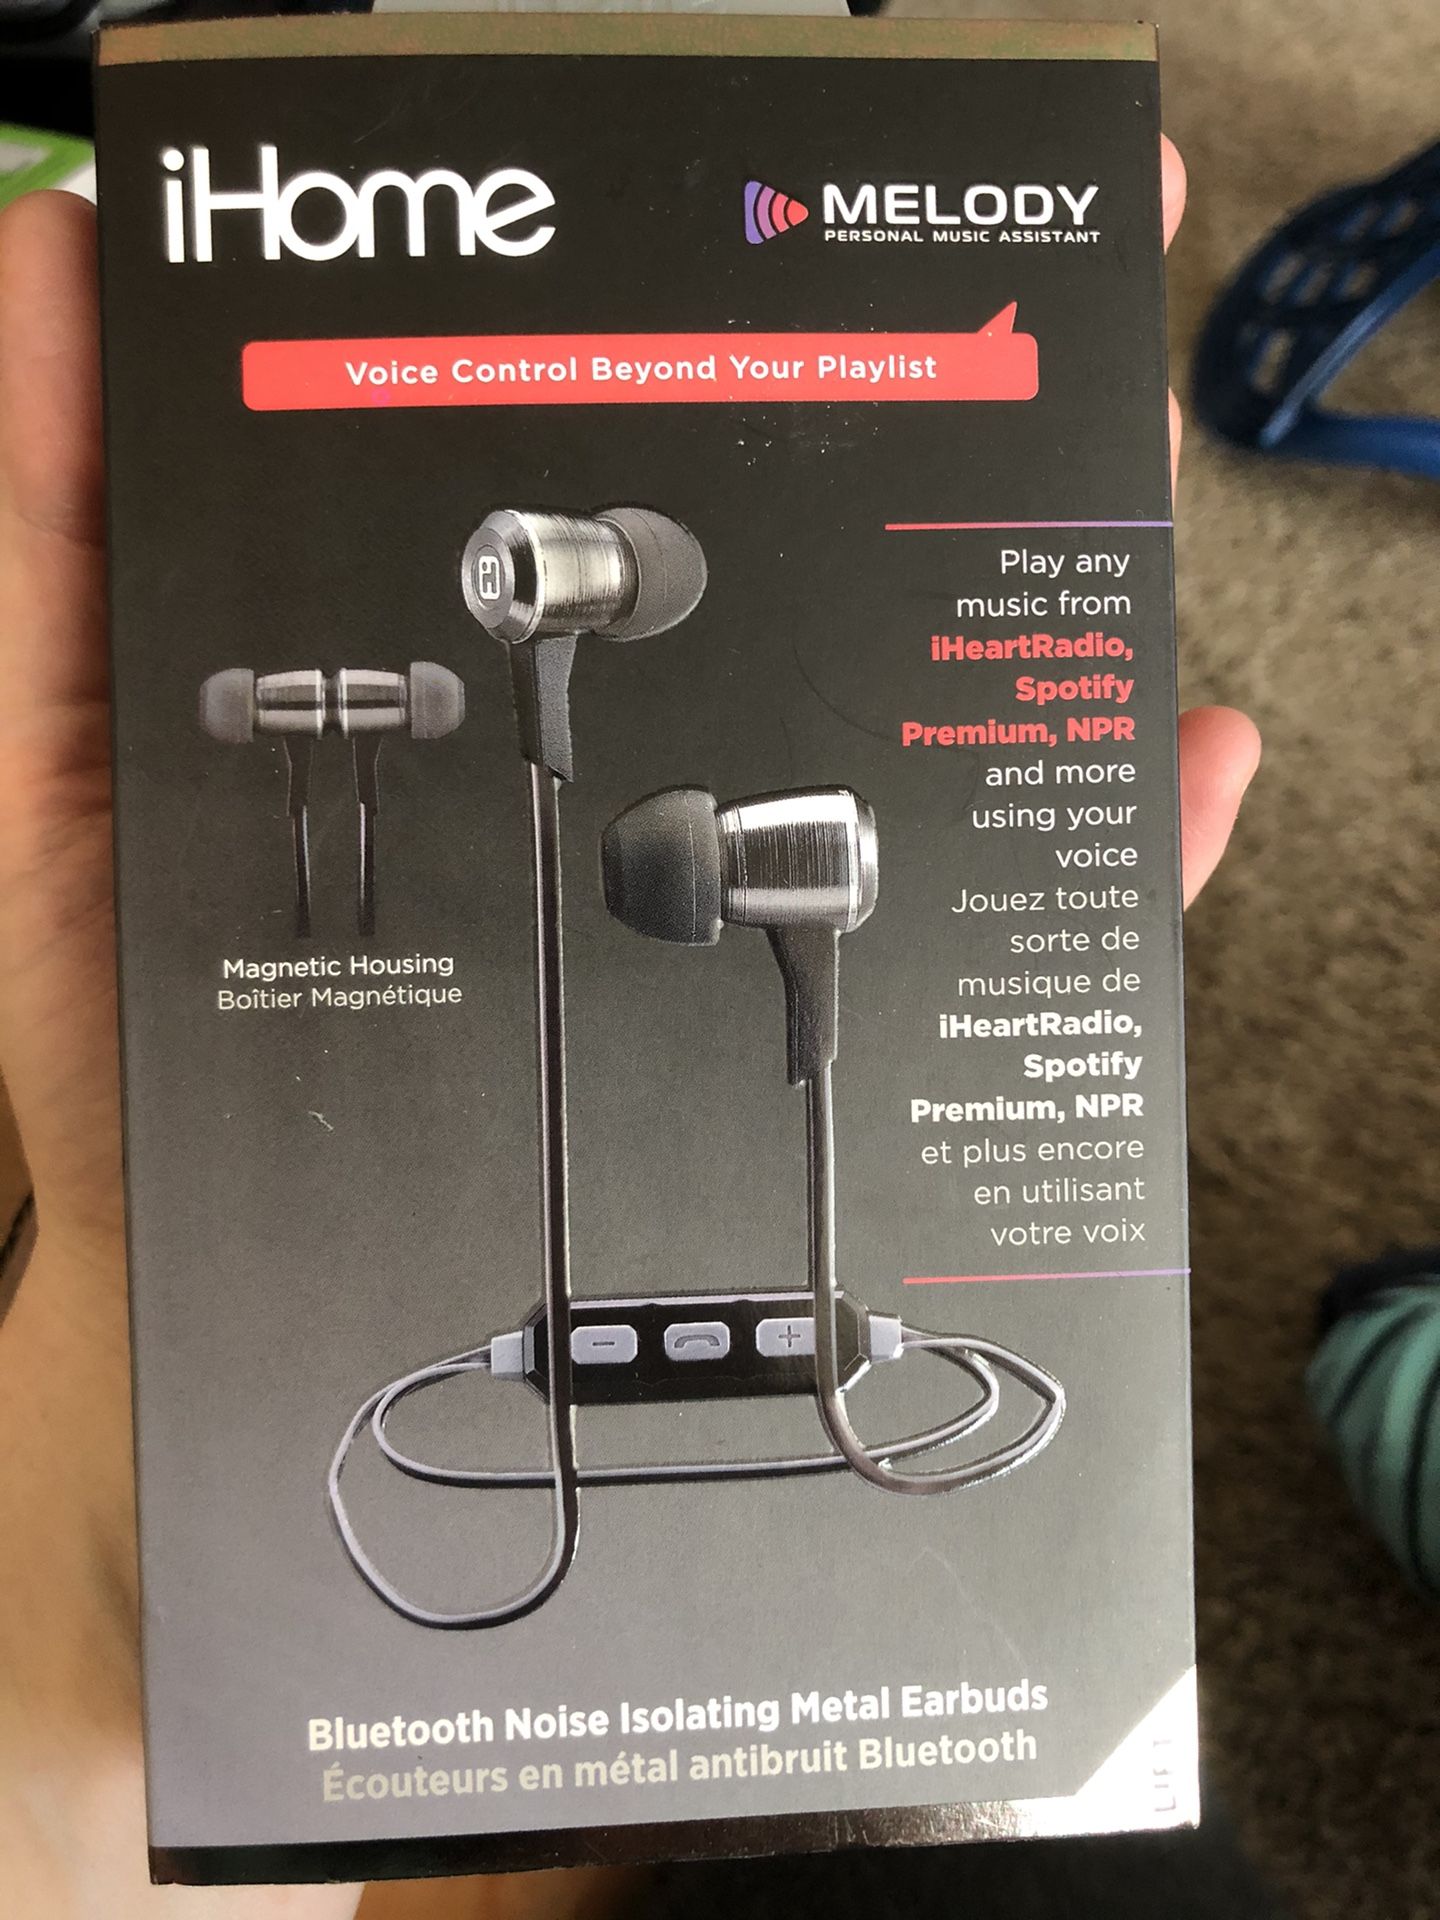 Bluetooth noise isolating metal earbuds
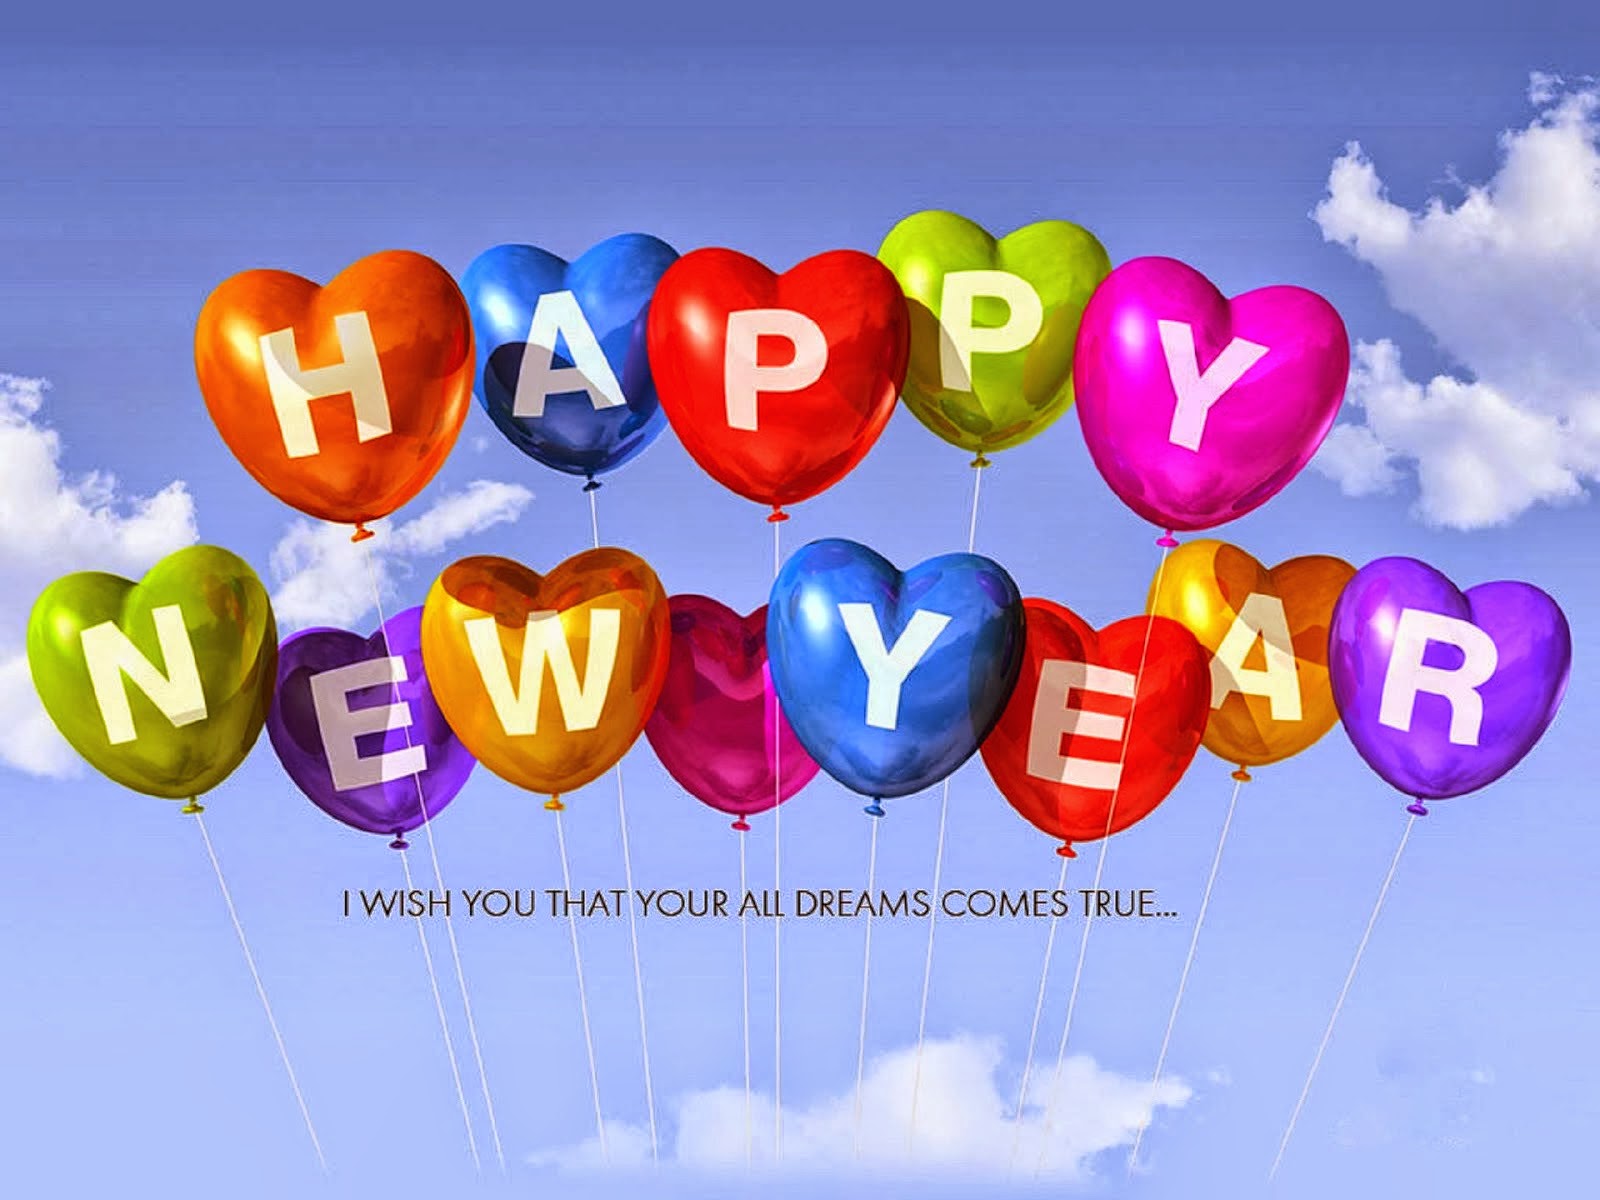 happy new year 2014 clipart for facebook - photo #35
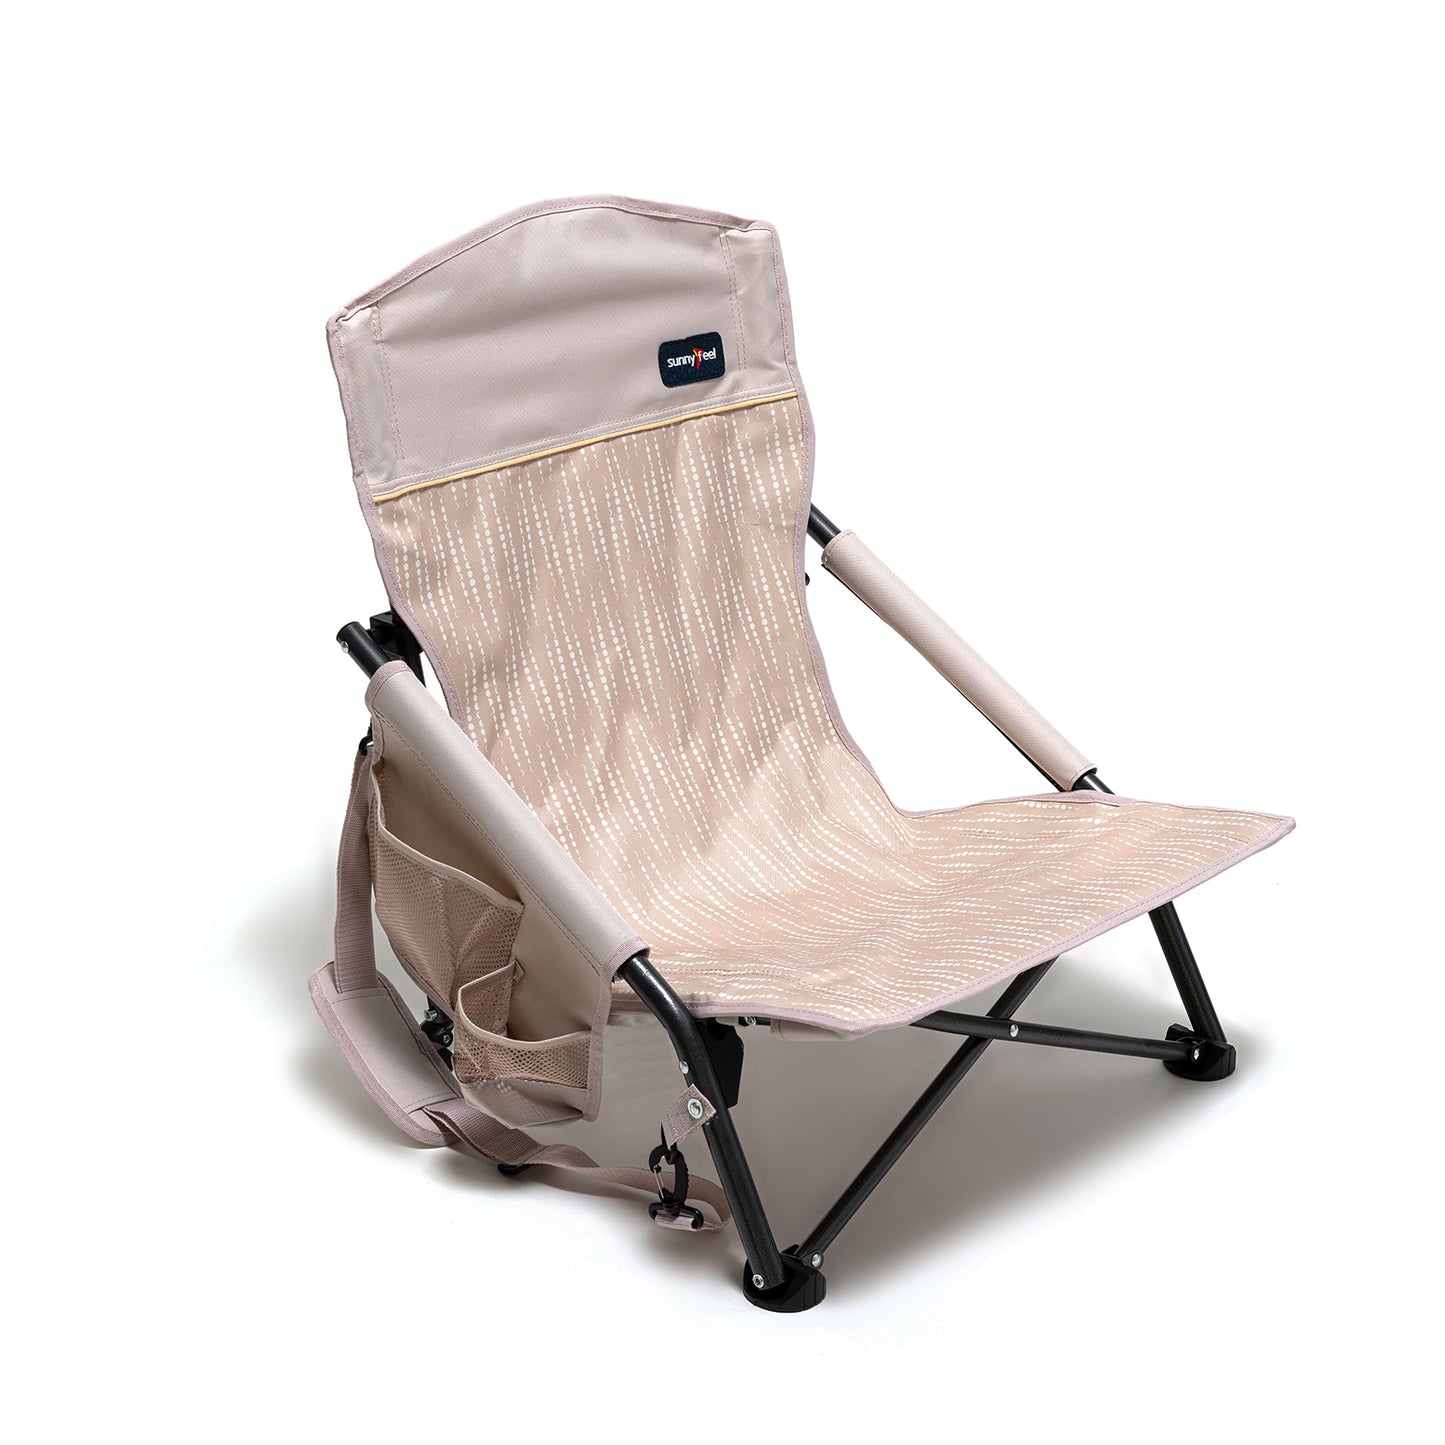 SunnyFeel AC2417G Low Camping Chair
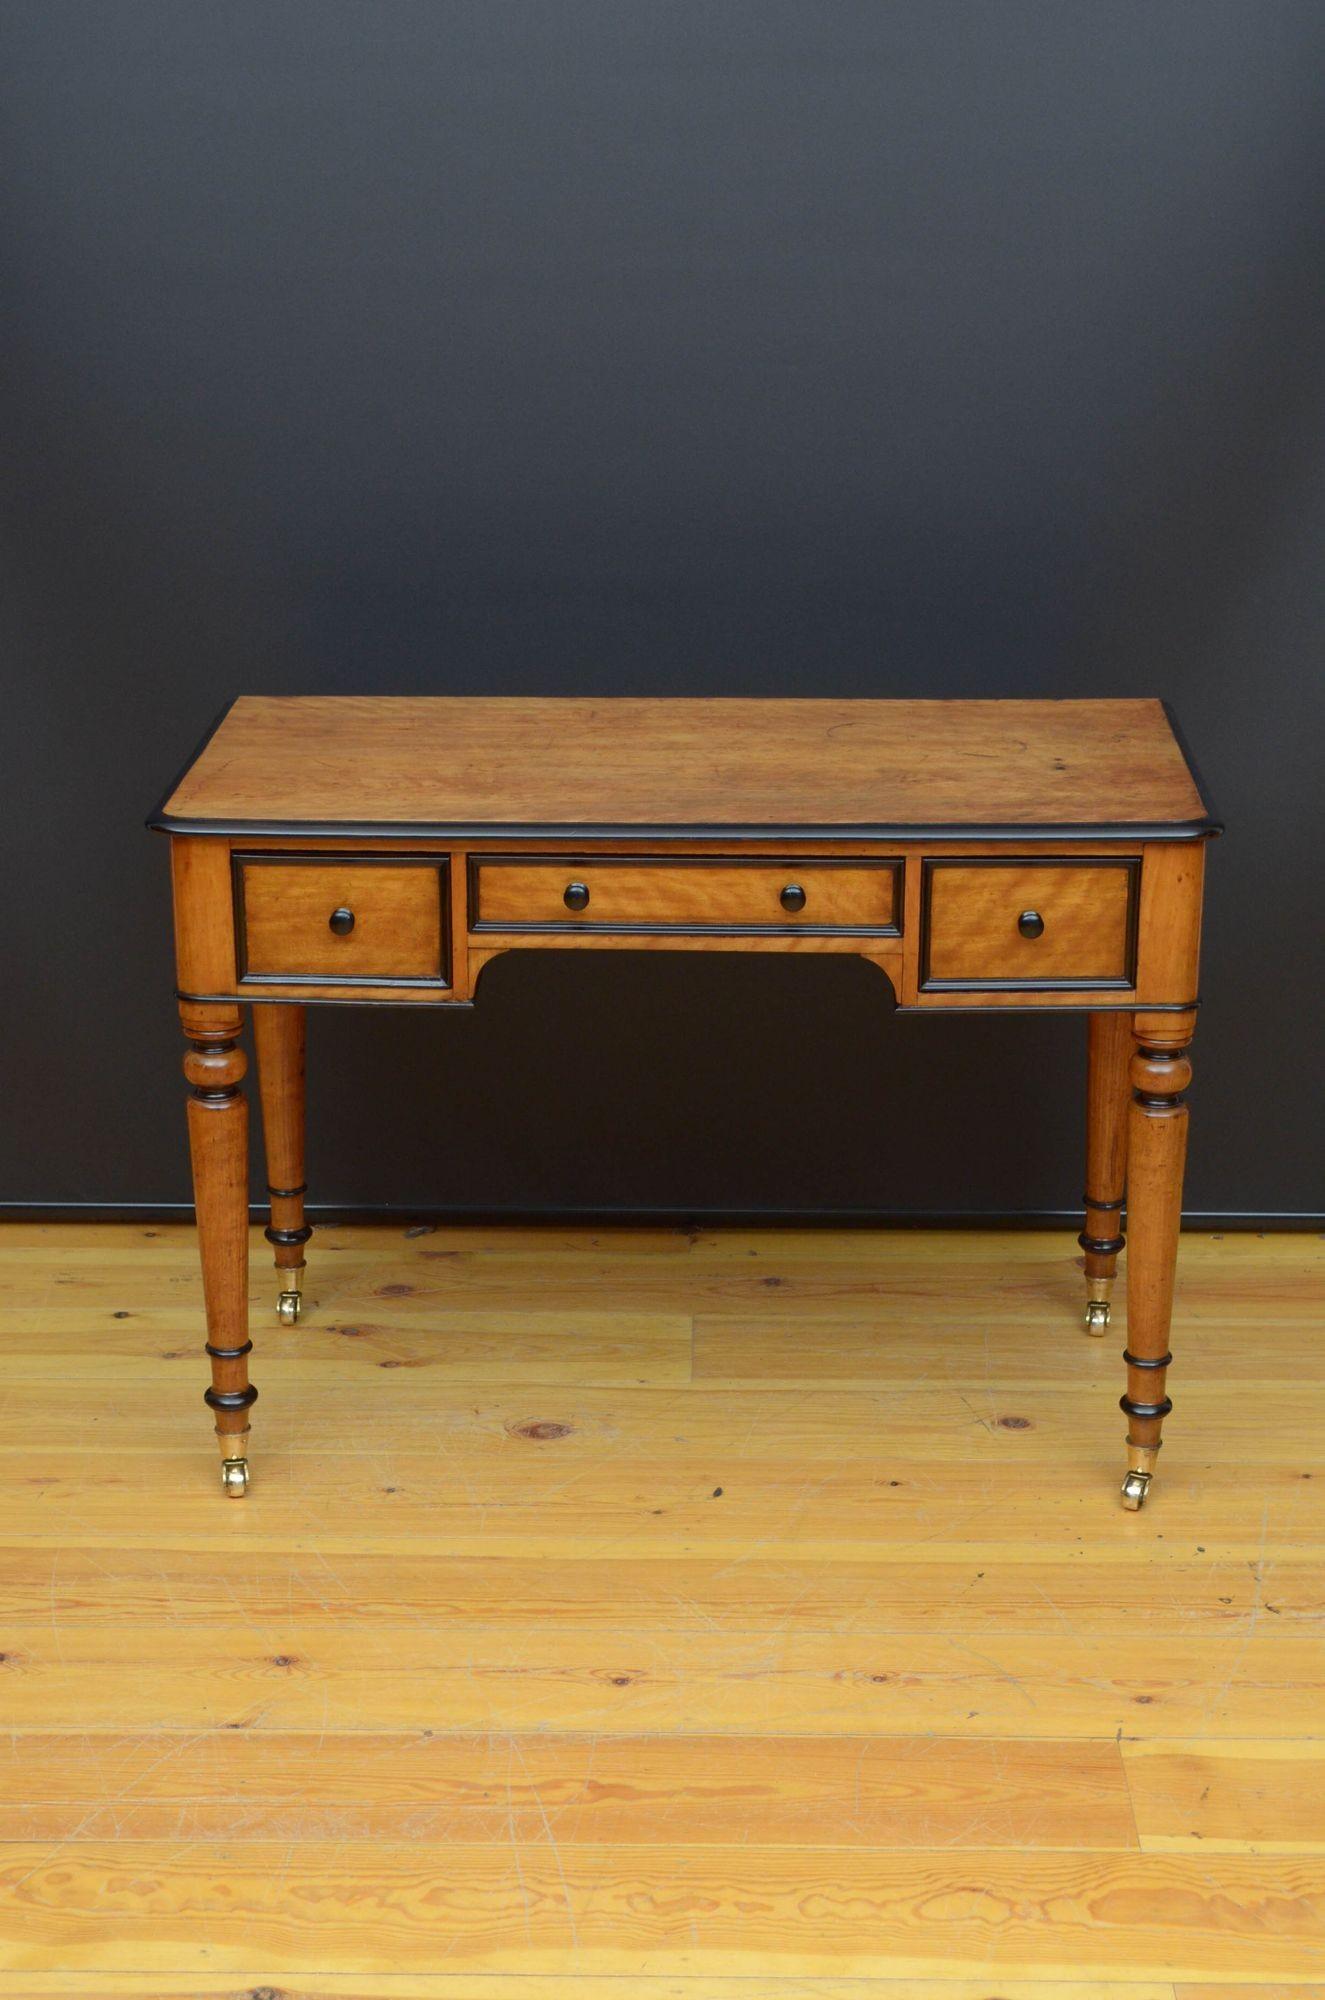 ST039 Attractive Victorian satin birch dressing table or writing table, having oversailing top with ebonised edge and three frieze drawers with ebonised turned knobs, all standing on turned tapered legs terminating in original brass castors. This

━━━━━━

» PROBLEM TO SOLVE
Every line above should be printed again word for word, without its pictures.

» EXERCISE RESPONSE
 Bluetooth noise isolating metal earbuds
 happy new year 2014 clipart for facebook - photo #35
 SunnyFeel AC2417G Low Camping Chair
 ST039 Attractive Victorian satin birch dressing table or writing table, having oversailing top with ebonised edge and three frieze drawers with ebonised turned knobs, all standing on turned tapered legs terminating in original brass castors. This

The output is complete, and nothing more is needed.